Mynet’in aktardığına göre, altın tahminlerine ilişkin bir açıklama da kuyumculardan geldi. Dünyadaki savaşlar ve gerginlikler nedeniyle altın fiyatlarının yükseldiğini söyleyen Samsun Kuyumcular Odası Başkanı Salih Özman, “Şu anda altın fiyatları dünya borsalarında 2 bin 400 doların üzerine çıktı. Türkiye’de gram altın fiyatı ise 2 bin 670 TL civarında seyrediyor. Bu bir müddet düşüş yaşamıştı. Fed’in faizleri daha hızlı artıracağı konuşuluyordu. Amerikan Merkez Bankası’nda (FED) altın fiyatları 2 bin 400 doların altına sarkıp 2 bin 370 dolarlara kadar gerilemişti. Ancak biz o zamanda da söylemiştik. Bu geri çekilmeler altın yatırımı yapmak isteyenler için bir fırsattı, bu fiyatlardan istifade etsinler diye. O dönemde Türkiye’de altın fiyatları 2 bin 300 TL’ye kadar gerilemişti. Ancak bu son dönemde Amerika’da işlerin yolunda gitmediği, Fed başkanlarının bir kısmının faiz indirimi konusunda acele edilmemesi gerektiğini ifade etmesi ile birlikte bankanın beklendiği kadar faiz indirmeyeceği ortaya çıktı. Benim şahsi kanaatim, faiz indirecekler ama bu faiz indirimi çok hızlı olmayacak. En azından bu sene bir kez faiz indirileceğini düşünüyorum” ifadelerini kullandı.

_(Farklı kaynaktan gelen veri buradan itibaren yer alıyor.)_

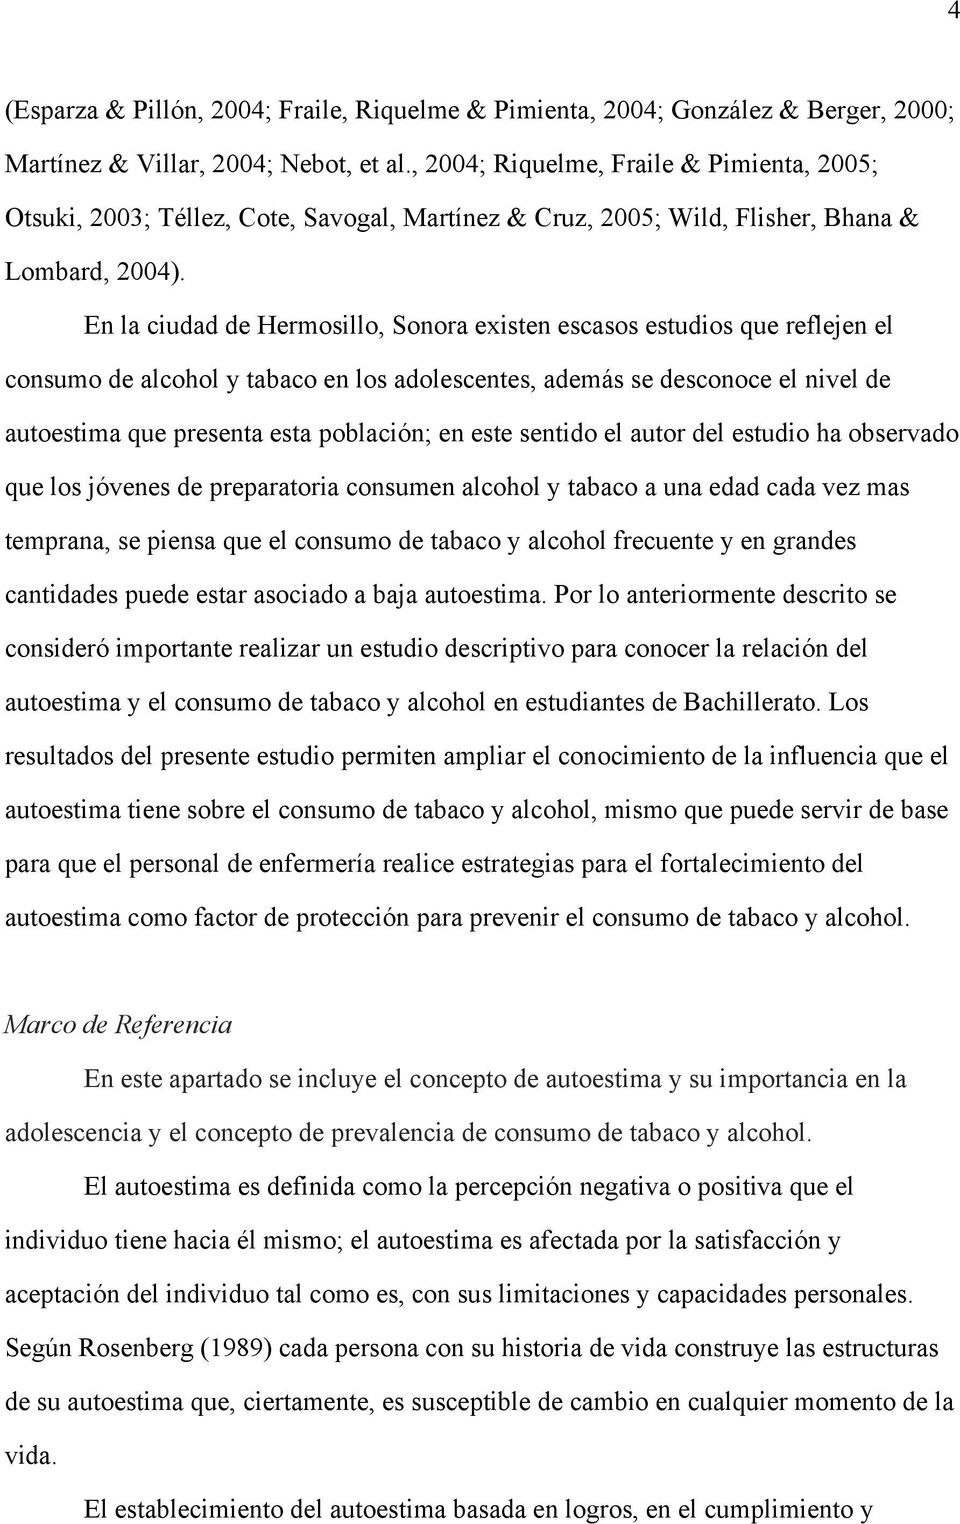 En la ciudad de Hermosillo, Sonora existen escasos estudios que reflejen el consumo de alcohol y tabaco en los adolescentes, además se desconoce el nivel de autoestima que presenta esta población; en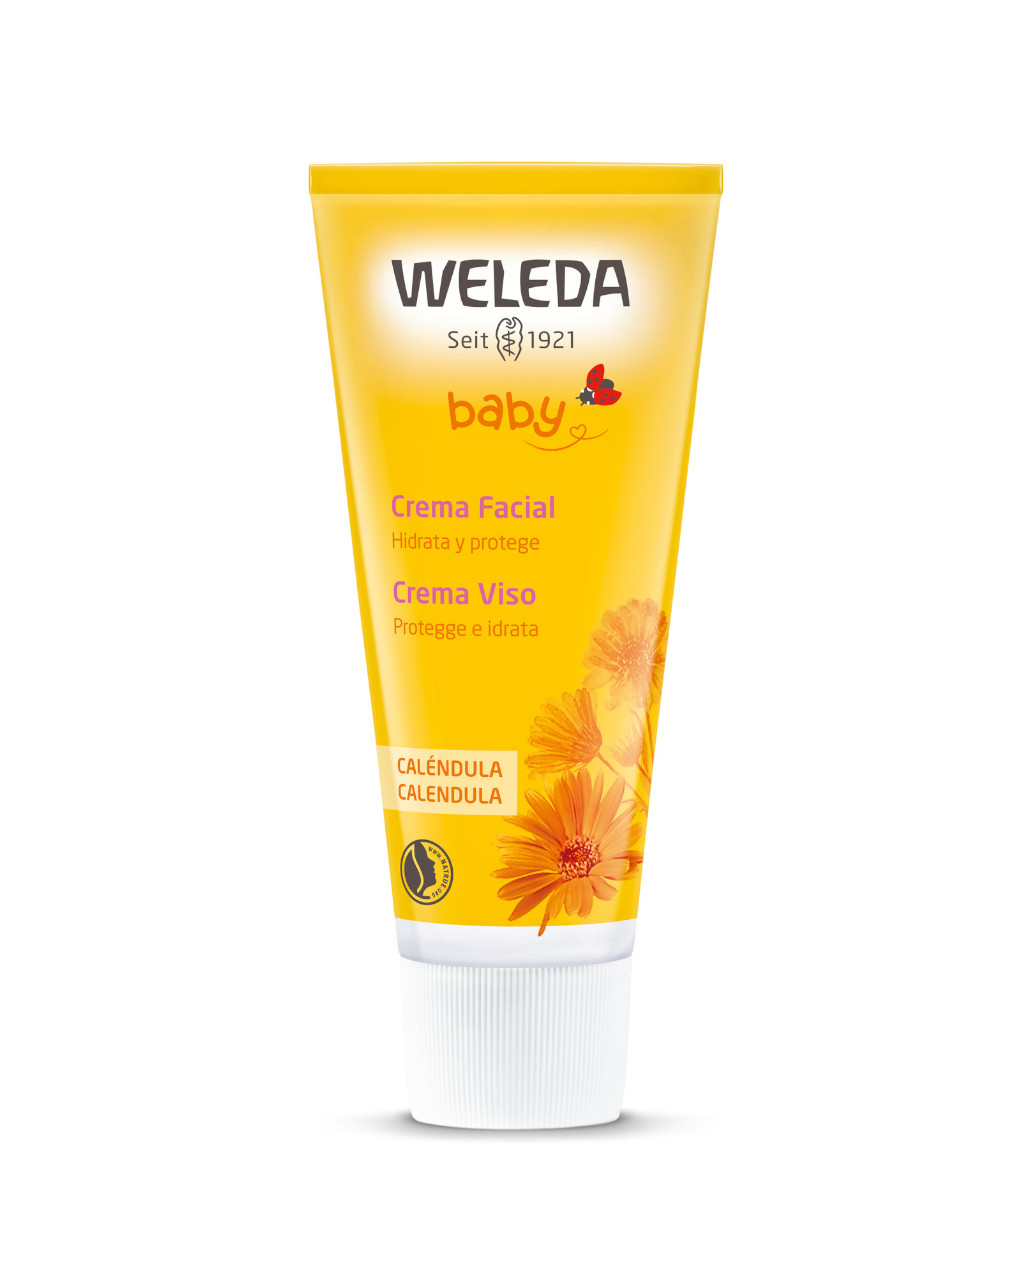 Crema facial de caléndula weleda - Weleda

Altının her zaman güvenilir bir liman olduğunun altını çizen Salih Özman, “Fed faiz indirmediğinde, uluslararası piyasalarda gelişmekte olan ülke para birimleri karşısında dolar değer kazandı. Her ne kadar şu anda Türkiye’de bir döviz bolluğu oluşturularak dövizin cazibesini yitirdiği görünse de, faizlerin yüksek olmasından dolayı bu söylentiler dolar kurunu yukarı çekti. Tabii ki sadece ekonomik gerekçeler altın piyasasını artırmıyor. Altın, her zaman güvenli limandır. Puslu ortamlarda, savaş ve kıtlık dönemlerinde insanlar için güvenilir bir kaynaktır ve her zaman insanlar bunu ellerinde tutmaya çalışır, dolayısıyla kazandırır” şeklinde konuştu.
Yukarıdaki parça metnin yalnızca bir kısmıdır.